To start we need to install the necesary Python packages.
* **[sentence transformers](http:/www.sbert.net/)**. This library is necessary to transform the sentences into fixed-length vectors, also know as embeddings.
* **[xformers](https://github.com/facebookresearch/xformers)**. it's a package that provides libraries an utilities to facilitate the work with transformers models. We need to install in order to avoid an error when we work with the model and embeddings.  
* **[chromadb](https://www.trychroma.com/)**. This is our vector Database. ChromaDB is easy to use and open source, maybe the most used Vector Database used to store embeddings.
* **[accelerate](https://github.com/huggingface/accelerate)** Necesary to run the Model in a GPU.  

In [None]:
!pip install -q transformers==4.38.1
!pip install -q accelerate==0.27.2
!pip install -q sentence-transformers==2.5.1
!pip install -q xformers==0.0.24
!pip install -q chromadb==0.4.24
!pip install -q datasets==2.17.1

In [3]:
import numpy as np
import pandas as pd

In [None]:
#Login to Hugging Face.
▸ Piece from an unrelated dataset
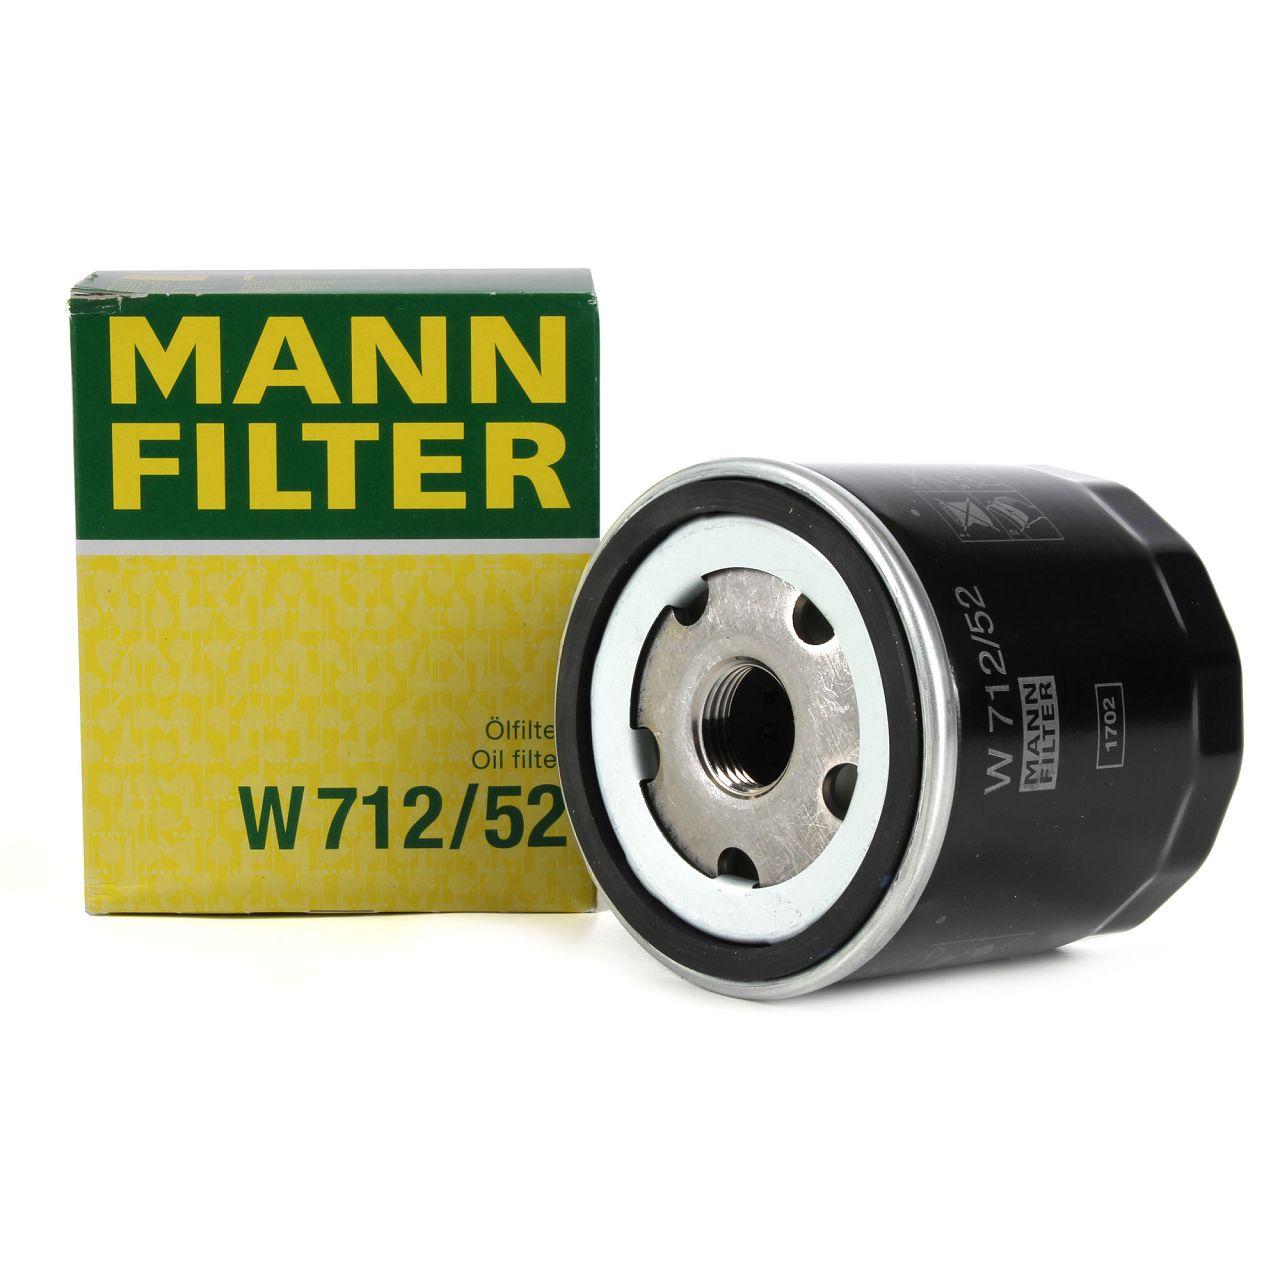 MANN W712/52 Ölfilter AUDI A2 SEAT SKODA VW Golf 3 4 5 6 Lupo Polo Vento 1.4 1.6

It is mandatory to use the Gemma Model,
#and recommended to acces public models and Datasets.
from getpass import getpass
if 'hf_key' not in locals():
  hf_key = getpass("Your Hugging Face API Key: ")
!huggingface-cli login --token $hf_key

In [None]:
from datasets import load_dataset
data = load_dataset("keivalya/MedQuad-MedicalQnADataset", split='train')     # download the dataset from Hugging Face related to MedicalQnA

In [42]:
data = pd.DataFrame(data)
data

Unnamed: 0,qtype,Question,Answer,id
0,susceptibility,Who is at risk for Lymphocytic Choriomeningiti...,LCMV infections can occur after exposure to fr...,0
1,symptoms,What are the symptoms of Lymphocytic Choriomen...,LCMV is most commonly recognized as causing ne...,1
2,susceptibility,Who is at risk for Lymphocytic Choriomeningiti...,Individuals of all ages who come into contact ...,2
3,exams and tests,How to diagnose Lymphocytic Choriomeningitis (...,"During the first phase of the disease, the mos...",3
4,treatment,What are the treatments for Lymphocytic Chorio...,"Aseptic meningitis, encephalitis, or meningoen...",4
...,...,...,...,...
16402,symptoms,What are the symptoms of Familial visceral myo...,What are the signs and symptoms of Familial vi...,16402
16403,information,What is (are) Pseudopelade of Brocq ?,Pseudopelade of Brocq (PBB) is a slowly progre...,16403
16404,symptoms,What are the symptoms of Pseudopelade of Brocq ?,What are the signs and symptoms of Pseudopelad...,16404
16405,treatment,What are the treatments for Pseudopelade of Br...,Is there treatment or a cure for pseudopelade ...,16405


In [13]:
MAX_ROWS = 15000
DOCUMENT="Answer"
TOPIC="qtype"

ChromaDB requires that the data has a unique identifier. We can make it with this statement, which will create a new column called **Id**.


In [23]:
subset_data = data.head(MAX_ROWS) #Because it is just a sample we select a small portion of News.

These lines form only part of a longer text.